# Reihenfolge Optimierung



## unknown (31. Okt 2014)

Hallo

Ich stehe vor einer Aufgabe, bei der ich nicht weiss, welchen Algorithmus ich verwenden sollte.

Die Aufgabe lautet wie folgt:

Wir haben einen Grill und es gilt, das Grillgut in einer optimierten Reihenfolge auf den Grill zu legen, um den Grillprozess so schnell wie möglich abzuschließen. Jedes Grillgut benötigt unterschiedlich viel Platz auf dem Grill. Der Grill misst 50cm x 80cm. Die Grilldauer ist aber für alle Grillwaren identisch.

Könnte mir jemand einen Tipp geben, um welchen Algorithmus es sich da handelt?


----------



## chuxXo (31. Okt 2014)

Eventuell ein Array und eine for-Schleife ? 
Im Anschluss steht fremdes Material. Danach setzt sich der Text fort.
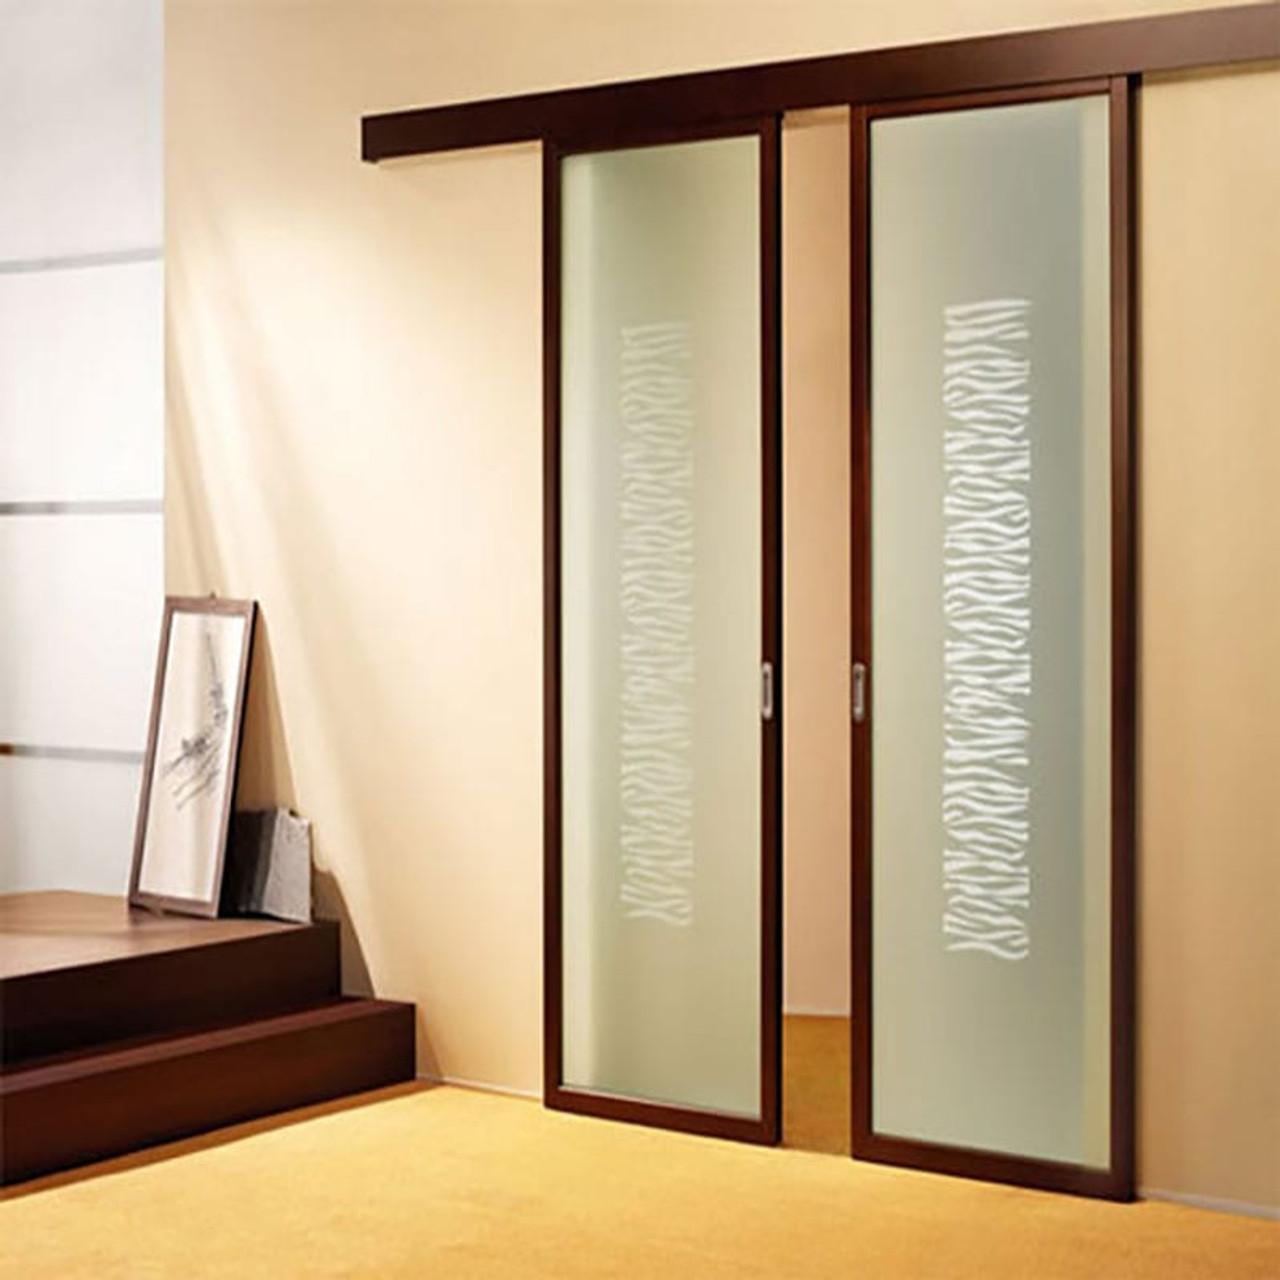 Hawa Junior 80/B Sliding Wood Door Fitting & Hawa Junior 80/B Sliding Wood Door Kit 11704 | Easy to Install

In das Array packst dein Grillgut, zum Beispiel als String und dieses hängst du pro Schleifendurchlauf an deinen String "Grill" an


----------



## Saheeda (31. Okt 2014)

Klingt nach Rucksackproblem:
Rucksackproblem


----------



## unknown (31. Okt 2014)

Saheeda hat gesagt.:


> Klingt nach Rucksackproblem:
> Rucksackproblem



Das ist auch mein Verdacht. Allerdings kann ich den direkten Zusammenhang nicht finden.


----------



## Saheeda (31. Okt 2014)

Beim Rucksackproblem geht es darum, die Gegenstände anhand ihres Gewichts optimal auszuwählen.
Bei dir müssen Objekte anhand ihrer Größe optimal ausgewählt werden.


----------